I would be really happy though if they made an actual pod for us like in all the other cars. Now I think that would be something worth talking about.


----------



## Mantvis (Jan 1, 2010)

Yes its for the motion sensors.and some cars do have it. I think it would be a little too big. Imma stick with the vents


----------



## PLAYED TT (Oct 17, 2010)

Sounds like a cool concept. I'd like to see how it turns out.


----------



## warranty225cpe (Dec 3, 2008)

chaldowhiteboy said:


> It's NOT a speaker.. that's your interior alarm motion sensor...
> 
> 
> I would be really happy though if they made an actual pod for us like in all the other cars. Now I think that would be something worth talking about.


Yeah, it's the motion sensor. I was having a loss of brain function last night. As for the pod, yeah that would be cool. But nobody makes one for us. Maybe I can get one of those made if I can find a spare column cover.


----------



## chaldowhiteboy (Jun 14, 2010)

warranty225cpe said:


> As for the pod, yeah that would be cool. But nobody makes one for us.

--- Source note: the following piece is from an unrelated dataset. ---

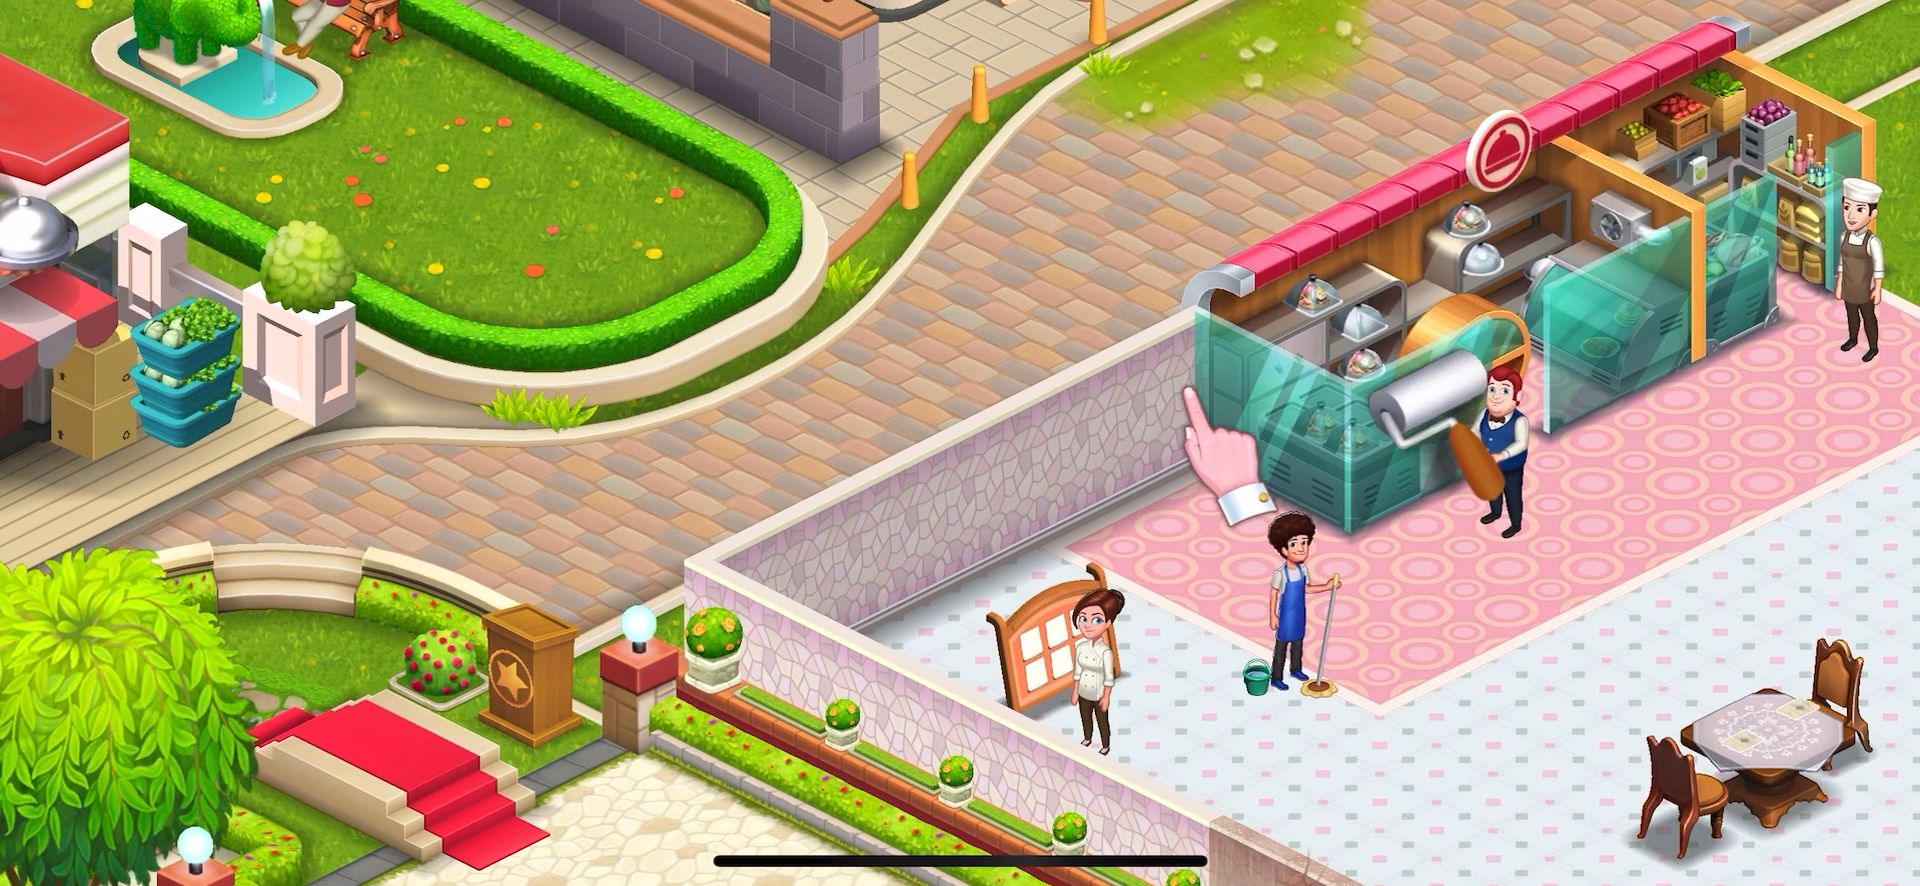 Gameplay of the Tasty Cooking Cafe & Restaurant Game: Star Chef 2 for Android phone or tablet.

Exactly what I'm saying. Podi makes these for everyone except for the TT. You should ask your buddy about those and ask about why they don't make them for the TT.


----------



## warranty225cpe (Dec 3, 2008)

chaldowhiteboy said:


> Exactly what I'm saying. Podi makes these for everyone except for the TT. You should ask your buddy about those and ask about why they don't make them for the TT.


Calling him now..


----------



## warranty225cpe (Dec 3, 2008)

He says they don't do 3D plastic. But he told me of a place local to me that does. I'll talk to them. I'm sure I'm going to have to get a large run minimum order. So there will be a GB, if they will do it.


----------



## warranty225cpe (Dec 3, 2008)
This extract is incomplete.